He is best known for his handicap principle, first published in 1975, which explains the evolution of characteristics, behaviors or structures that appear to reduce fitness and endanger the organism. The explanation is that these characteristics evolved by sexual selection as a signal of the status of the organism. This can be of use in attracting mates, among other things.

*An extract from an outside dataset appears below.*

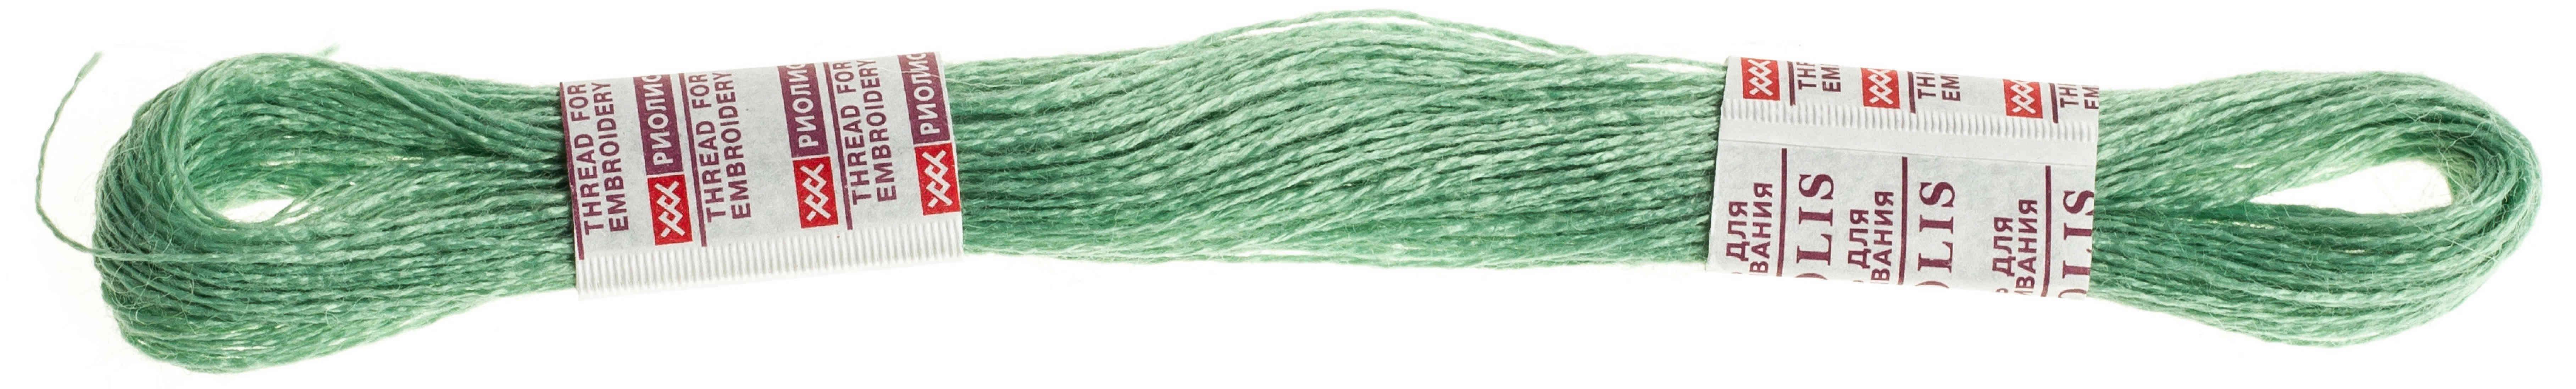 Шерстяные нитки для вышивания RIOLIS Купить 36

For example, the tail of a peacock makes the peacock more vulnerable to predators, and is therefore a handicap. But the message that the tail carries to the potential mate peahen is 'I have survived in spite of this huge tail, hence I am fitter and more attractive than others'.

Another example is "stotting," a sort of hopping that certain gazelles do when they sight a lion. As this behavior gives no evident benefit and would seem to waste resources, it was a puzzle until handicap theory offered an explanation. According to this analysis, the gazelle invests of bit of energy to show the lion that it had the fitness necessary to avoid capture, thus avoiding spending the energy required to evade actual pursuit. The lion would recognize that it could not catch this gazelle and so avoid a wasted pursuit.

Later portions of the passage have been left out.